POSTED: August 10, 2017 4:31 p.m.

I read something Monday that just absolutely ticked me off. And it wasn’t just because I have short hair. Or because it’s red (insert jokes about redheaded tempers here).

I read the story of some young girls who have cut their hair short to be like their idols – Ellen DeGeneres and soccer stars Abby Wambach and Megan Rapinoe. The girls weren’t looking to make a statement. They just wanted to be like their heroes. In one case, the young lady cut hers simply so she didn’t have to deal with tangles.

And now the girls, all part of a killer soccer team, are catching grief for their choice of hairstyle.

When they win, opposing coaches, parents, referees and team members often accuse them of cheating. People seem to think the team is winning because the short-haired players are not girls with short hair, but boys. The girls have been ridiculed, asked to prove their gender, and dissed when the team wins, told they didn’t deserve medals.

OK, so when did it become a bad thing for a woman to have short hair? I mean, seriously? Sure, I’ve heard that a woman’s hair is her “crowning glory,” and it seems to have been implied that the “glory” should be long and lush, but what if you prefer short and spiky? Is your crown any less glorious?

I don’t think so.

I have a close friend who likes her hair short and spiky. All too often, people assume she’s gay, which she’s not. It‘s mind boggling to me that short hair on a woman equals gay, or “butch.” It’s neither. It’s just a choice.

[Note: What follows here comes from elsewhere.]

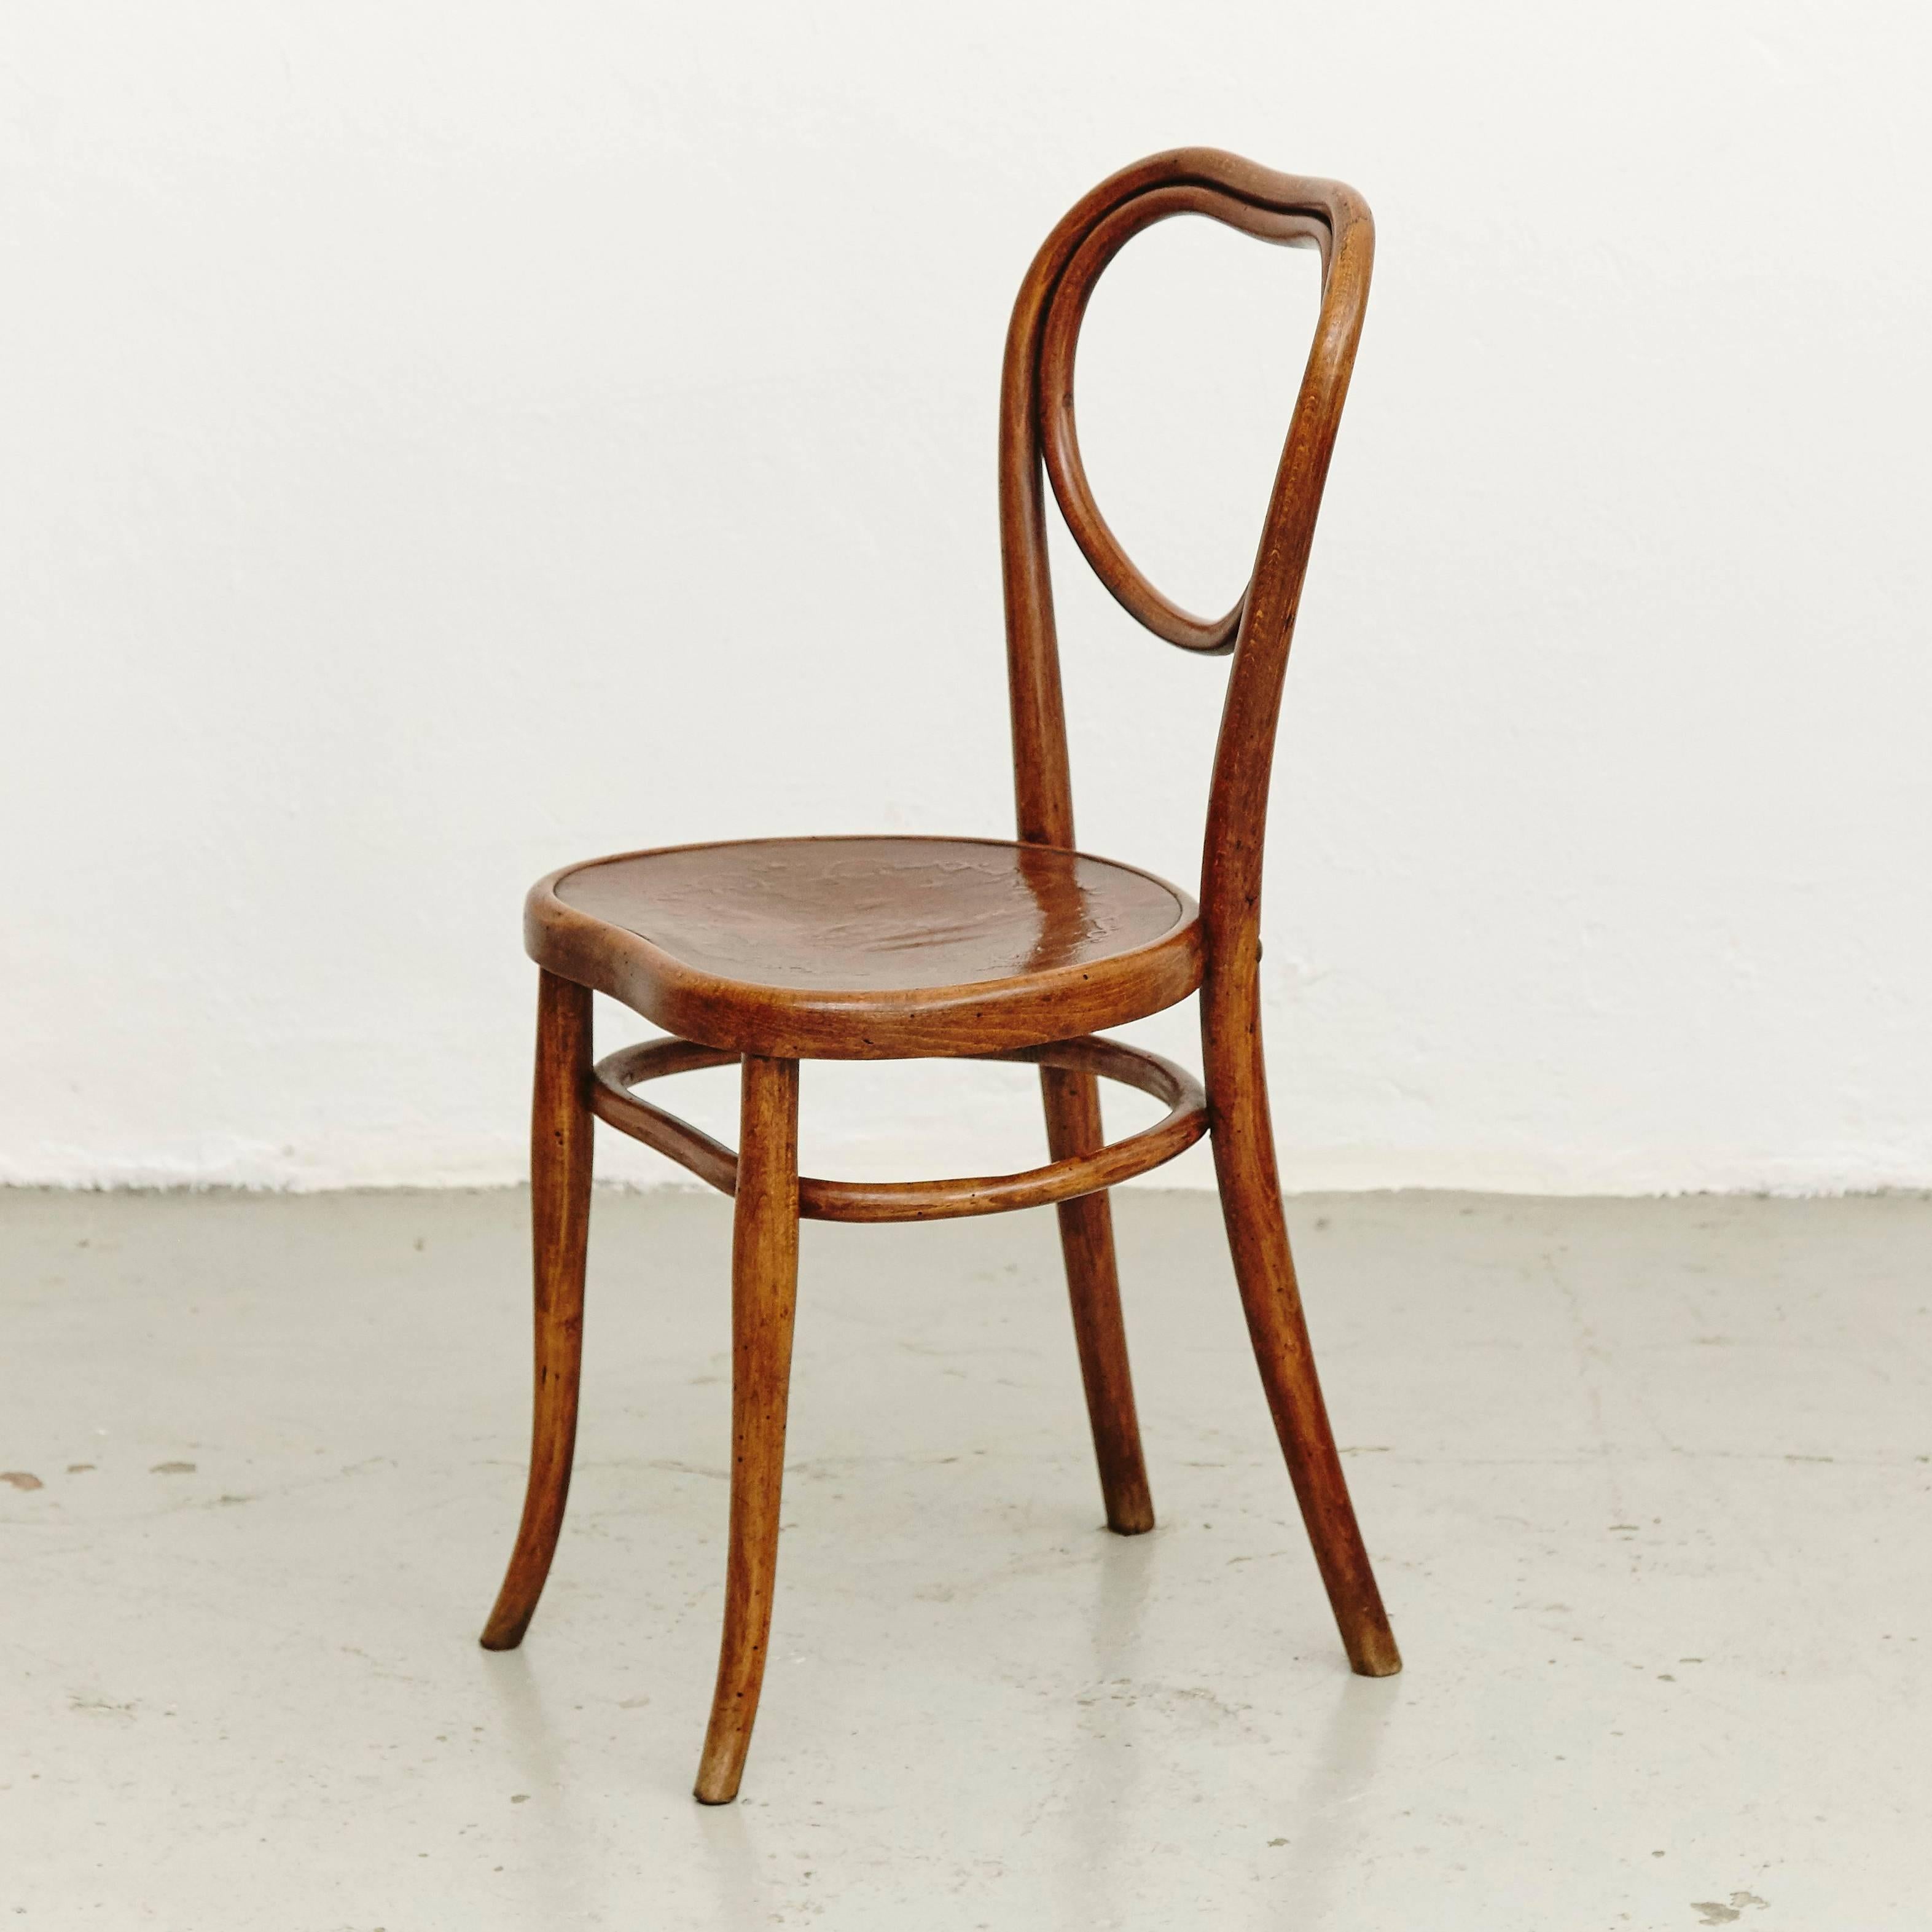 French Pair of Thonet Chairs for Thonet, circa 1920

For me, cutting off my hair was a decision of convenience. I had my thyroid taken out last year and, thank God, there was no cancer. But now I’m dealing with the after-effects of that surgery. This includes, unfortunately, things like brittle hair and hair loss. My hair used to be really thick. Now? Not so much. So I made the choice to cut it short until the loss stops and my hair comes back. At least, I hope it comes back. Keeping it short helps me, mentally, and I believe it helps with breakage.

Telling these young girls that their decision to cut their hair makes them less than what they are – incredible athletes – is just wrong. It shouldn’t matter that they have short hair. If they had no hair at all, it wouldn’t affect their ability to play soccer.

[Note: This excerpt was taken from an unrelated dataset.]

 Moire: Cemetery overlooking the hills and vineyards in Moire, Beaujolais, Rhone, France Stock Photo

In this day and age, when young girls are already pressured to look like the Kylies and Kendalls of the world (see the Kardashians), it’s imperative that we encourage those who have the courage to step up and be the individuals that they are.

So whether you choose to have short hair, pink hair, long gray hair at 21 or long black hair at 95, ladies, let’s stop judging each other. Diversity is good. If we all looked the same, how boring would this world be? Celebrate the differences, because those are the things that make us each beautiful.